Tuesday, 24 July 2007

Mixed feelings about social networking sites

Many, many people seem to be signing up with social networking sites - LinkedIn, MySpace, Facebook, Ning, etc at the moment.  I've done so myself.  For some reason, though, I can't really get excited about them in the way that some people seem to.  All this 'poking' and sending virtual presents just seems, well, childish.  Not that I'm above being childish, as some of my posts on my motorcyclists forum of choice will testify.  So I'm actually struggling to put my finger on what it is exactly that annoys me about these sites. 
 
Perhaps I shouldn't lump them together.  LinkedIn is focused on professional networking and attracts more serious behaviour than Facebook or MySpace.  If it irritates me it's only in the way that 360 degree feedback used to at work: the sense that all that praise is of diminished value because everyone can find someone to say something nice about them, especially if the favour is to be returned.  No, my target is really Facebook. I'm not criticising the creators of Facebook, I just don't somehow feel inclined to join the big party that they are hosting. 
 
I think it has something to do with my personal history of Web 2.0 behaviour.  I've used discussion forums, mainly in connection with my passion for motorcycling, for about seven years.  I was very addicted to one in particular for some time.  Back in the autumn (fall) of 2006 I realised how blogging had taken off, how wikis were coming to prominence, how tagging was taking off, and how combining these three things and using RSS also could revolutionise knowledge-sharing within organisations.  This of course had been spotted earlier by others and dubbed Enterprise 2.0.  I started blogging on the subject and discovered a community of people doing the same.  I was, and continue to be, very impressed at the quality of the material that was posted on these blogs.  I came to feel that what Web 2.0 and Enterprise 2.0 really meant was not only an increase in interaction and 'emergence' on the Internet and inside the forewall but an increase in maturity of use also.  Facebook has dashed that hope.  By comparison with the profession-related blogs the content is dross.  If a good blog is the Web 2.0 eqivalent of the Financial Times, Facebook is The Sun (and MySpace is the Daily Sport). 
 
Or maybe I'm just becoming a member of the crew of the TV programme, "Grumpy Old Men".
 
What do you think?

4 comments:

Anonymous said...

Hi Simon. I read your post with interest. I admit, I am sometimes silly with Facebook, but as a business professional and not a college student (a grandmother, actually!) I am finding it very useful. I happen to see, for instance, you are a friend of David Terrar, who is also my friend. David and I are in a blogger group where I recently wrote this note: "Facebook is
engaging. I'm not interested in what people have done, more
interested in who they are. Facebook tells me that and more. With some of the new applications coming online with Facebook, I am
enjoying a rich user interface layered onto my life as a result of the interesting things my "friends" are doing, seeing, reading, thinking, visiting, talking about... and generally living their lives. Where LinkedIn is black & white, Facebook is color, taste, and texture." I hope this feedback helps. AND, feel free to add me as a friend. Even though I am a little sophomoric at times... ;-)

Simon Carswell said...

Susan, I suppose the speed of your comment (about an hour after I posted!) is as a result of finding my blog link on Facebook?! Perhaps that in itself weakens my anti-Facebook argument (if it can be called that). I now feel like a wallflower at a party who's just been asked to dance ;-)

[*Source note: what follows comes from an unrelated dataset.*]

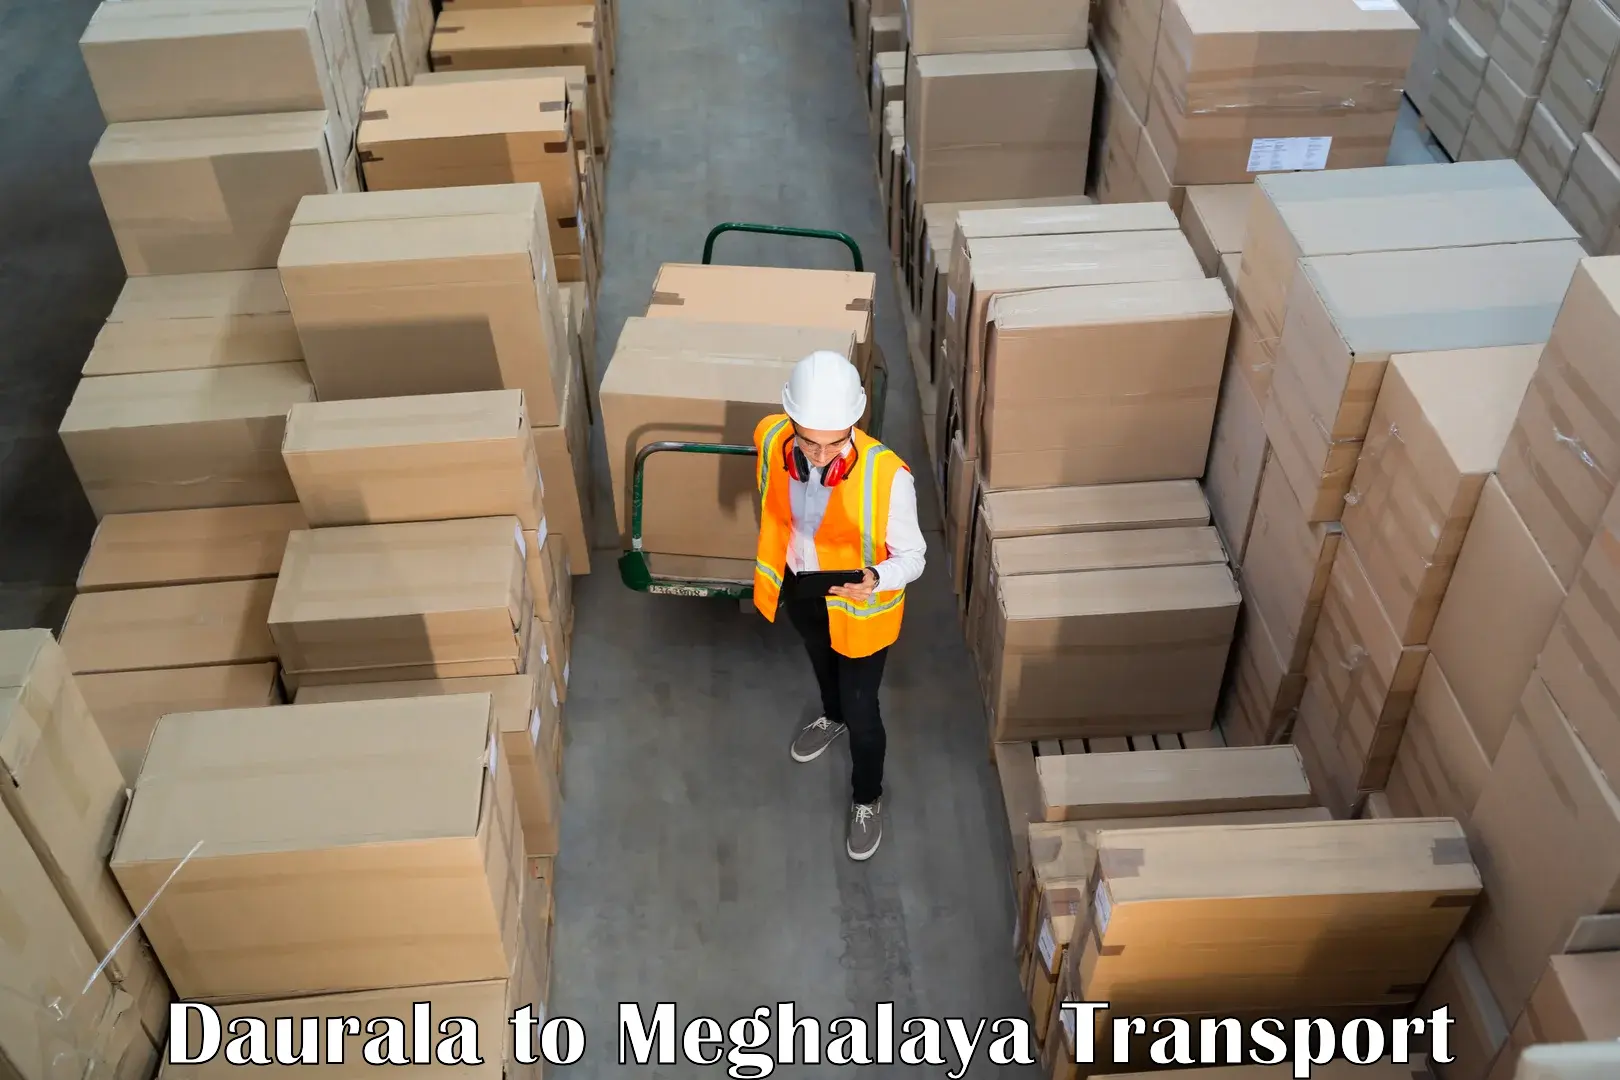 Goods delivery service Daurala to Meghalaya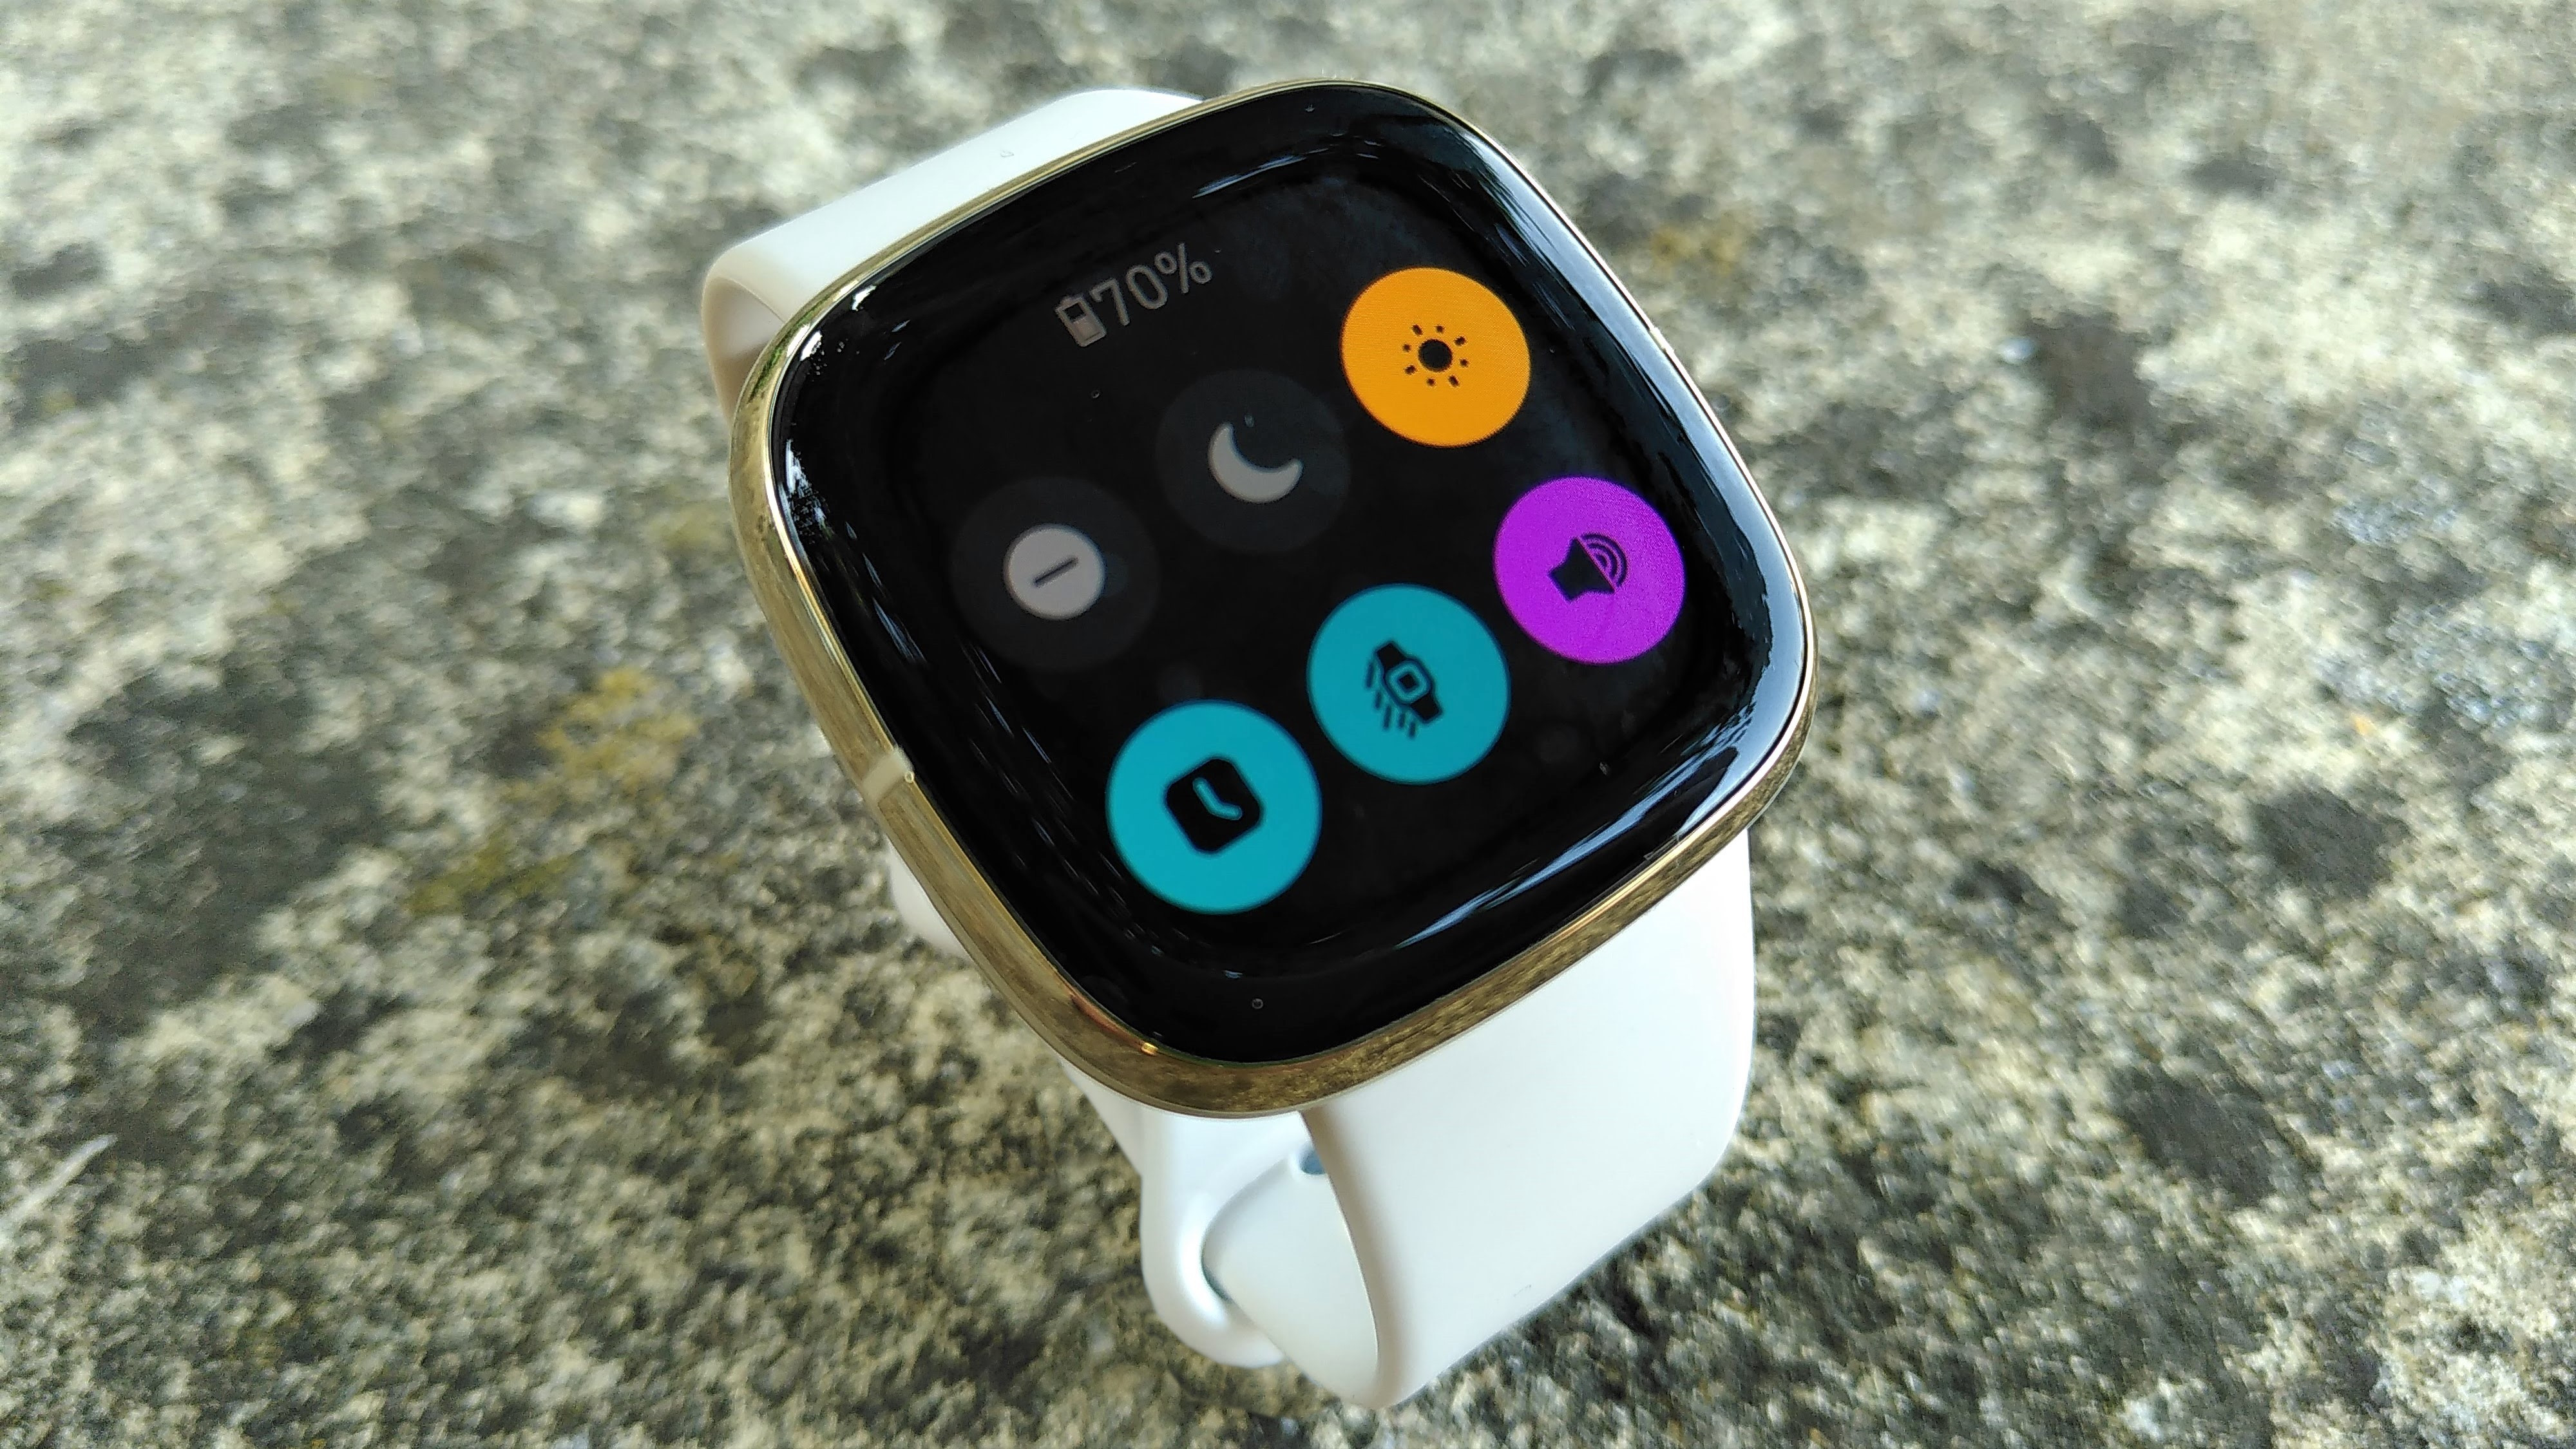 Fitbit Sense watch showing options menu

I know I can't afford to ignore the Facebook phenomenon, actually, and the opening up of the API could lead to some intriguing functionality.

Matt Moore said...

Simon - Many many people read The Sun. It meets a need. And as for the content being "dross", that's what our lives are made of 90% of the time. I write more shopping lists than prize-winning novels.

There is nothing wrong with being a wallflower - but dissing those making fools of themselves on the dancefloor is a bit pointless.

Simon Carswell said...

Matt, I sense that you think the motive behind my post is elitism. That isn't the case. The point I was trying to make - and I should have finished it off - is that the way people spend their time on Facebook and MySpace is not conducive to convincing sceptical senior managers that social networking software is the solution to their internal communication problems. They are likely to take one look, conclude that 'we don't want that sort of thing in this company' and throw out the whole of the Enterprise 2.0 concept in the process.